And, As Other Known Parts Of The World Had
Been Already Sufficiently Travelled Over By Others, I Was Determined To
Wait And Describe Such Parts As Were Not Sufficiently Known.
For which
reason, with the grace of God, and calling upon his holy name to prosper
our enterprise, we departed from Venice, and with prosperous winds we
arrived in few days at the city of Alexandria in Egypt.
The desire we
had to know things more strange and farther off, did not permit us to
remain long at that place; wherefore, sailing up the river Nile, we came
to the city of new Babylon, commonly called _Cayrus_ or _Akayr_, _Cairo_
or _Al-cahira_, called also _Memphis_ in ancient times.

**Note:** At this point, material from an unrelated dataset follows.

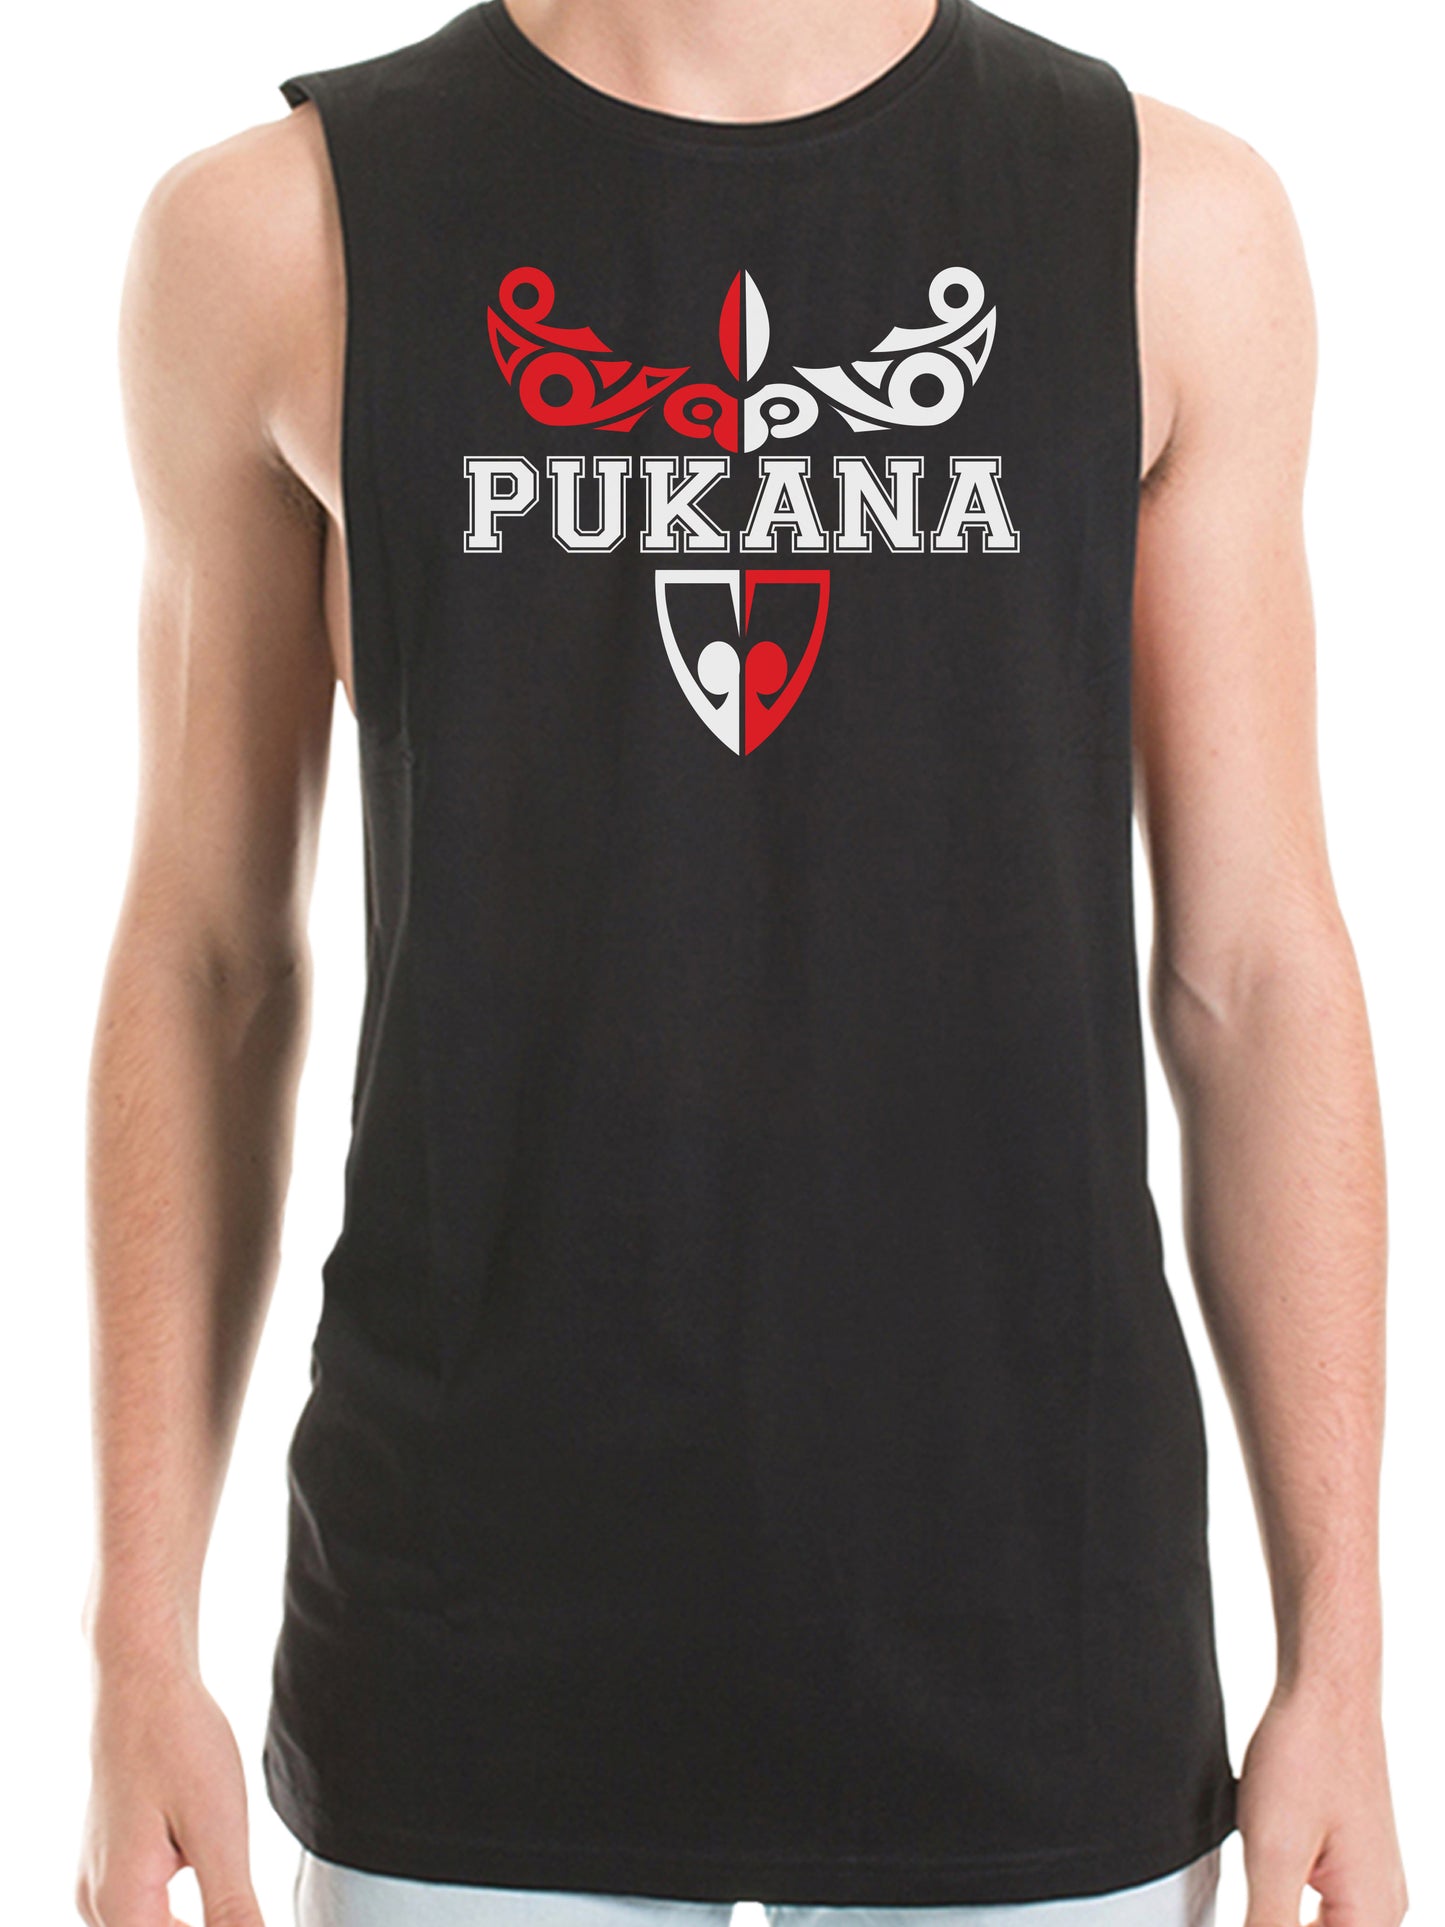 The Pukana muscle top
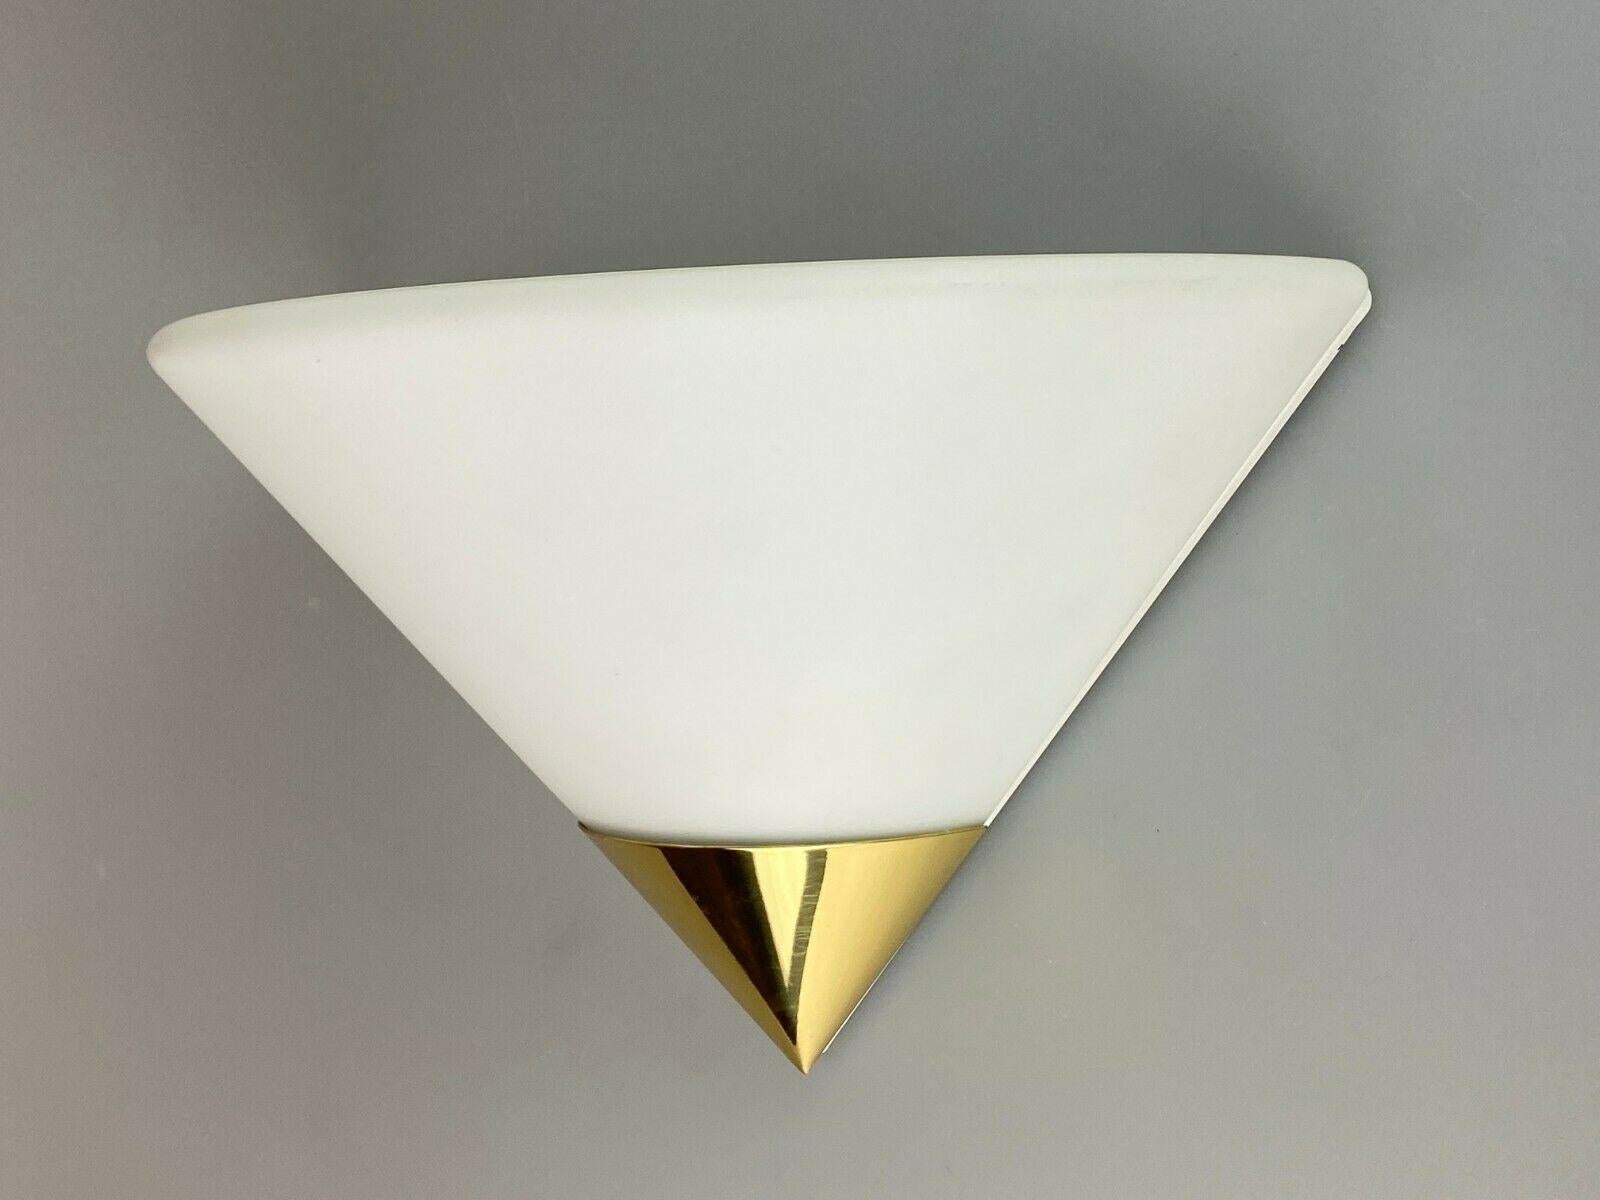 Metal 60s 70s Lamp Light Wall Lamp Limburg Plafoniere Space Age Design

[Footnote 34: To accommodate this curious article to our mode of
arrangement, we have made a slight alteration of the nomenclature of its
subdivisions; calling those in this version _Sections_, which in the
original translation of Mr Eden are denominated chapters; and have used
the farther freedom of sometimes throwing several of these chapters into
one section. - E.]
On my first arrival at this place I was more astonished than I can well
express, yet on a more intimate observation it seemed much inferior to
the report of its fame, as in extent it seemed not larger than Rome,
though much more populous. But many have been deceived in regard to its
size by the extensive suburbs, which are in reality numerous dispersed
villages with fields interspersed, which some persons have thought to
belong to the city, though they are from two to three miles distant, and
surround it on all sides.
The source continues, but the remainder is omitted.